Safety concerns halt use of mobile classrooms at MP school


Parents of learners enrolled at Tsandzanani Primary School in Matsulu, in Mpumalanga, are appealing to the provincial Education Department, to finish the school project.

They say the school was left incomplete in 2014, with a shortage of six classrooms, toilets, a library and an administrative block.

The school is struggling with overcrowded classrooms. These learners say, they are now learning under trees, after they were recently removed from their dilapidated mobile classrooms due to health and safety concerns.

“Our classrooms are not enough, and these mobile classrooms are very old. They have holes and there are snakes. The school is lacking. We are also concerned about the toilets, and we did ask the MEC that we can convert the toilets to waterborne toilets because we do have a borehole and we are still waiting for a response,” says a learner.

“Today in the mobile classes, a teacher was bitten by a bug and she was rushed to the clinic.
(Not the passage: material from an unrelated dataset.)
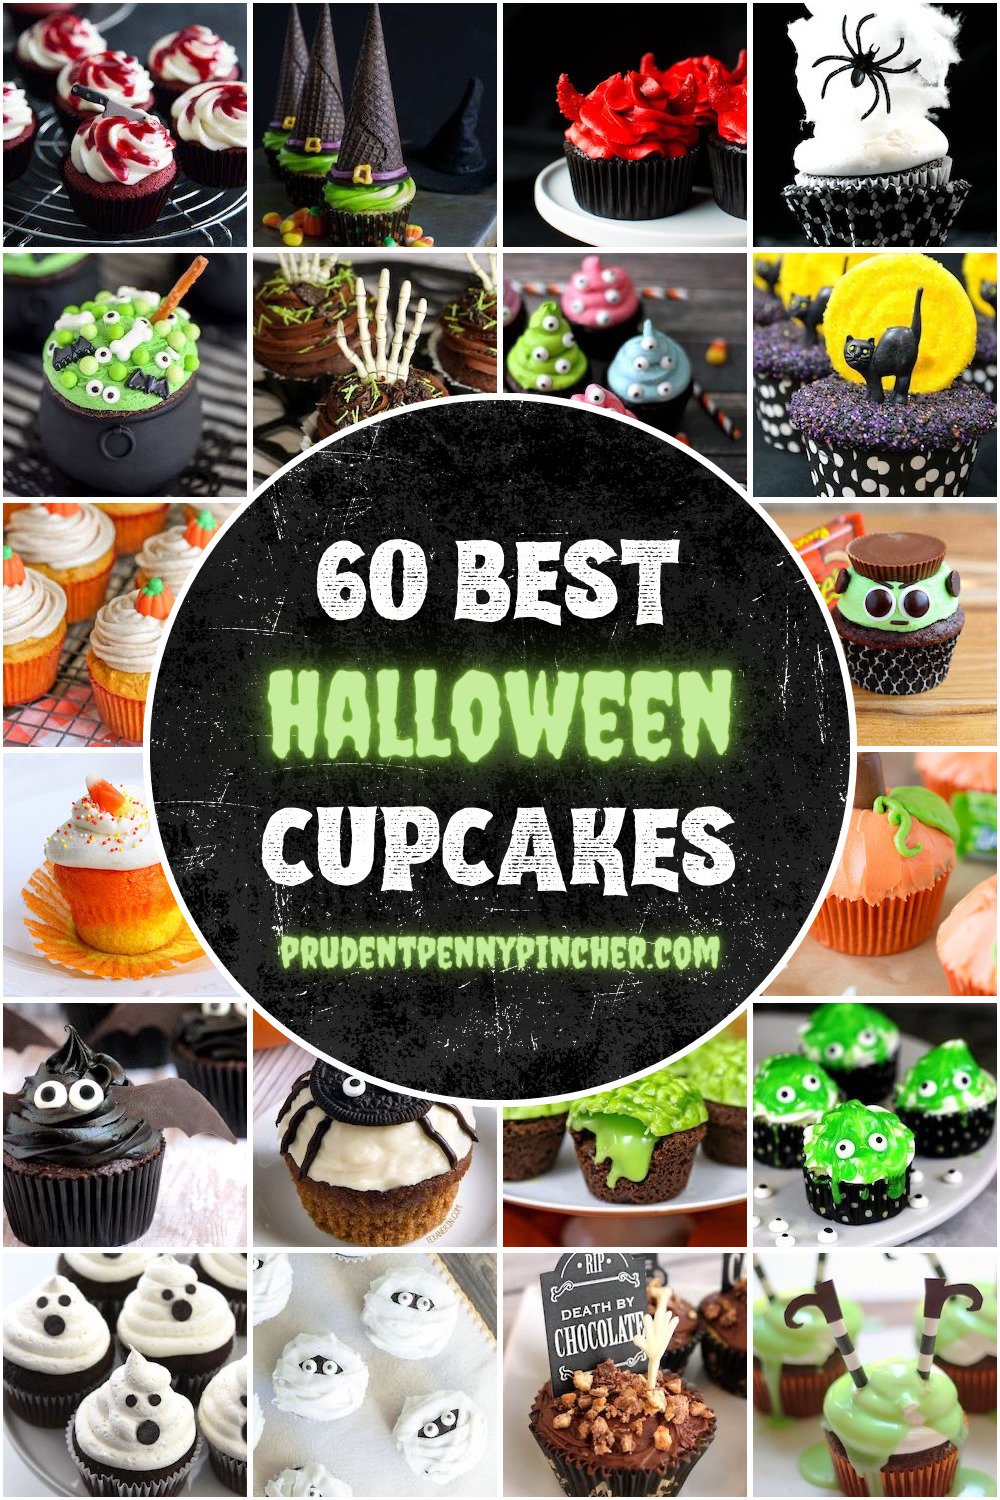 50 best halloween cupcakes

We decided to removed the learners from the mobile classrooms due to safety concerns,” says another learner.

Meanwhile, the provincial Education Department spokesperson, Gerald Sambo says the department decided not to build the remaining classrooms, as there is a school adjacent to this with unoccupied classrooms.

“Communities needs to understand that when we provide resources as a department, we are providing to ensure that it is maximally used by the beneficiaries of which in this case is the learners and there is Phumalanga next door to Tsandzanani that has got eight empty classrooms. We’ve spoken to the Students’ Governing Body (SGB), we have spoken to the school to say if there is capacity at a nearby school, let them transfer the learners who are in excess to the nearby school so that they also benefit from learning under conducive environment,” says Sambo.